It is a flowchart for demonstrating the example of control which correct | amends the output torque of the 1st motor generator performed with the engine starting control apparatus which concerns on this invention. It is a time chart for demonstrating the difference of the engagement determination timing with the case where the torque correction of a 1st motor generator is performed when the actual clutch torque shifts to the larger one, and the case where it does not perform. It is a time chart for demonstrating the difference in the engagement determination timing with the case where the torque correction of a 1st motor generator is performed when the actual clutch torque shifts to the smaller side, and the case where it does not perform. It is a schematic diagram which shows an example of the power train of the hybrid vehicle which can be made into object by this invention. 5 is a time chart schematically showing changes in command values and rotation speed when executing control for balancing output torque of a first motor / generator with clutch torque at the time of engine start.

  FIG. 4 schematically shows an example of a power train in a hybrid vehicle that can be the subject of the present invention. In the example shown here, each motor is composed of a motor / generator having a power generation function, and the engine (E / G) 1 and the first motor / generator (MG1) 2 corresponding to the motor in the present invention are divided into power. It is connected to the mechanism 3. The power split mechanism 3 is a mechanism that splits and transmits the power output from the engine 1 to the first motor / generator 2 and the output element 4, and has three rotating elements between the rotating elements. It is comprised by the differential mechanism which performs a differential action. An example of the differential mechanism is a planetary gear mechanism. When a single pinion type planetary gear mechanism is employed, the first motor / generator 2 is connected to the sun gear, and the carrier is connected via the clutch 5. The engine 1 is connected, and the ring gear is the output element 4.

  A counter driven gear 6 is engaged with a ring gear which is an output element 4. The counter driven gear 6 is attached to a counter shaft 7, and a counter drive gear 8 is further attached to the counter shaft 7. The counter drive gear 8 meshes with a ring gear 10 of a differential gear 9 that is a final reduction gear. The counter driven gear 6 meshes with a gear 12 attached to the motor shaft of the second motor / generator (MG2) 11 so that the driving force of the engine 1 divided by the power split mechanism 3 A driving force output from the two-motor generator 11 is added. Note that the torque of the second motor / generator 11 may be transmitted to the output element (ring gear) 4.

  The first motor / generator 2 and the second motor / generator 11 are connected to an inverter or a power storage device (not shown) so as to be able to exchange power with each other. The clutch 5 is a friction clutch, and is configured to be driven and engaged and released by a predetermined actuator (not shown) and to appropriately control the transmission torque capacity. An electronic control unit (ECU) 13 for electrically performing such control is provided. The electronic control unit 13 is mainly composed of a microcomputer, performs an operation based on input data or data stored in advance, and uses the result of the operation as a control command signal as the above inverter, actuator or engine. 1 or the like to perform predetermined control. The input data includes the engine rotational speed, the rotational speed of the second rotational element described above or the rotational speed of the clutch 5 on the second rotational element side, the accelerator opening and the vehicle speed, and the remaining charge (SOC) of the power storage device. The stored data includes a map that defines a command value for the transmission torque capacity of the clutch 5, a map that defines a target engagement rotational speed when the engine 1 is started, and the first motor / generator 2. This is a map that defines command values.

  The hybrid vehicle having the power train described above is a motor that travels by driving the second motor / generator 11 with the electric power of the power storage device in addition to the so-called hybrid (HV) travel mode that travels with the driving force output by the engine 1. (EV) The travel mode can be set. In the EV traveling mode, the engine 1 may be stopped in order to suppress fuel consumption.
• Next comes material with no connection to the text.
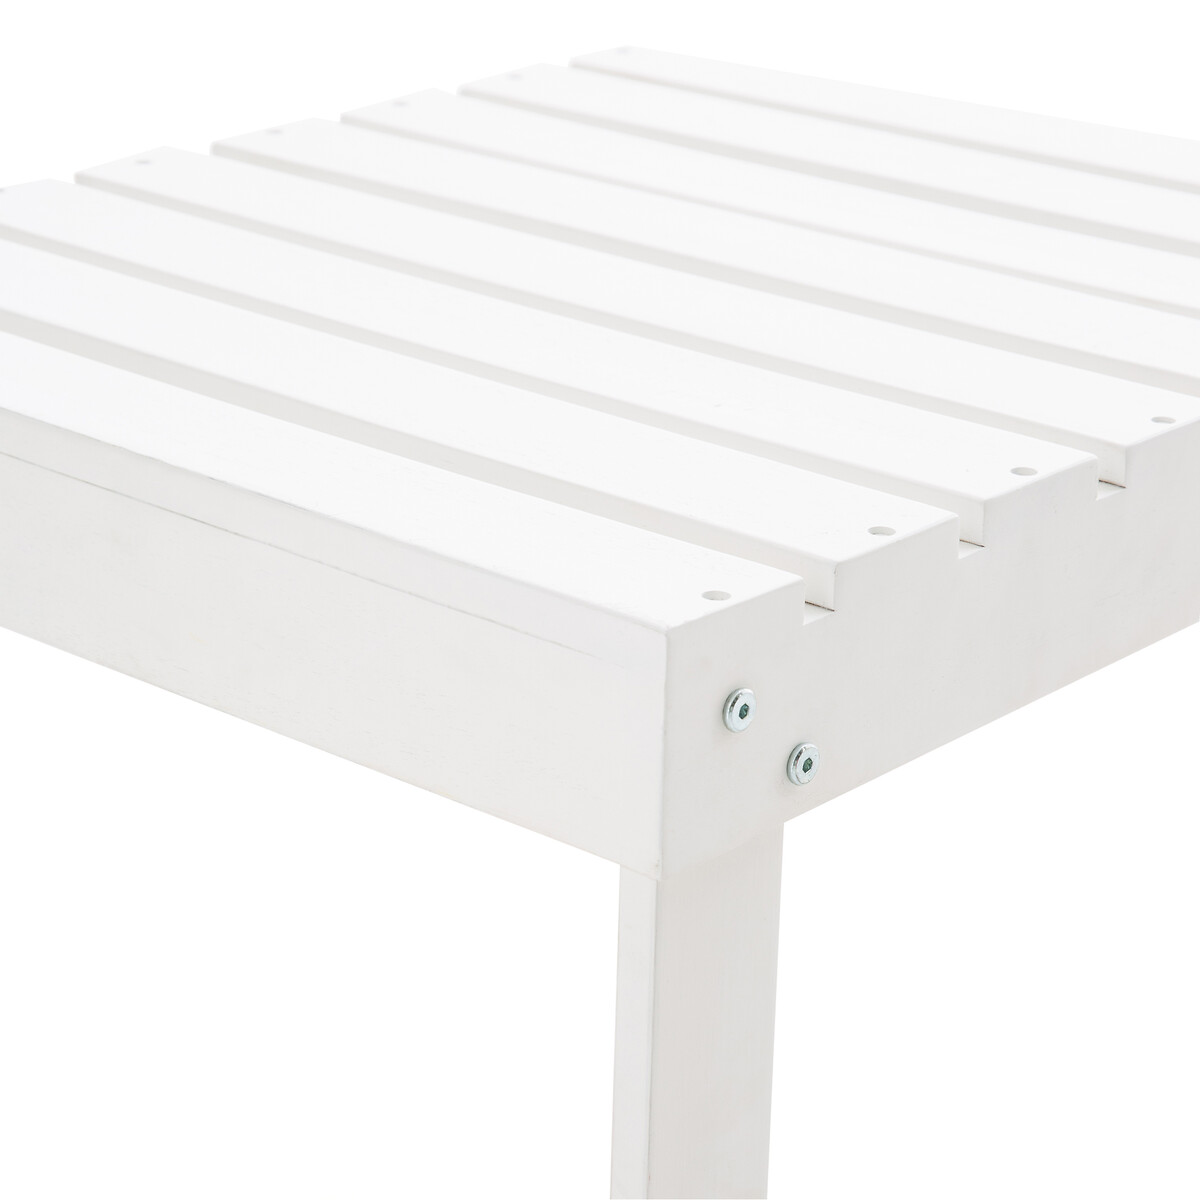 Подставка La Redoute Для ног низкий столик в стиле адирондак Zeda единый размер белый - фото 3

When the vehicle is traveling in that state, the accelerator pedal is depressed to increase the required driving force. If established, start control of the engine 1 is started.

In the starting control, the transmission torque capacity of the clutch 5 is set to a target capacity (target torque), and the torque of the first motor / generator 2 is increased in the positive rotation direction or the negative rotation direction to motor the engine 1. Is done. The target torque is a torque that is not excessive or insufficient for motoring the stopped engine 1 to a rotational speed at which the engine 1 can rotate independently (target rotational speed), and can be obtained by measurement in advance. Further, the output torque of the first motor / generator 2 is the rotational speed of the second rotating element described above or the rotational speed of a member integrated therewith (for example, the input shaft of the power split mechanism 3) (hereinafter referred to as input rotational speed). Is controlled in two parts: until the target rotational speed is reached and after the target rotational speed is reached. In other words, since the input rotational speed mainly depends on the vehicle speed, a shock is not caused by inertial force or the like in the process of changing the rotational speed to the target rotational speed, and the time to reach the target rotational speed is not excessively long. The output torque of the first motor / generator 2 is controlled. The torque can be prepared in advance as a torque corresponding to the vehicle speed, for example. In addition, after the input rotational speed reaches the target rotational speed, the output torque of the first motor / generator 2 is controlled to a torque commensurate with the transmission torque capacity of the clutch 5. Here, the balanced torque means that torque applied to a member (member on the first motor / generator 2 side) to which torque is transmitted from the first motor / generator 2 among members constituting the clutch 5 is transmitted by the clutch 5. This is a torque that substantially matches the torque capacity (matches within a predetermined error range), and is expressed by the following equation (1).
Tgeq = Tclt × ρ / (1 + ρ) (1)
Where Tgeq is the torque (balance torque) of the first motor / generator 2, Tclt is the transmission torque capacity (clutch torque) of the clutch 5, and ρ is the gear ratio of the planetary gear mechanism constituting the power split mechanism 3 or the first 1 is a gear ratio between the motor / generator 2 and the clutch 5.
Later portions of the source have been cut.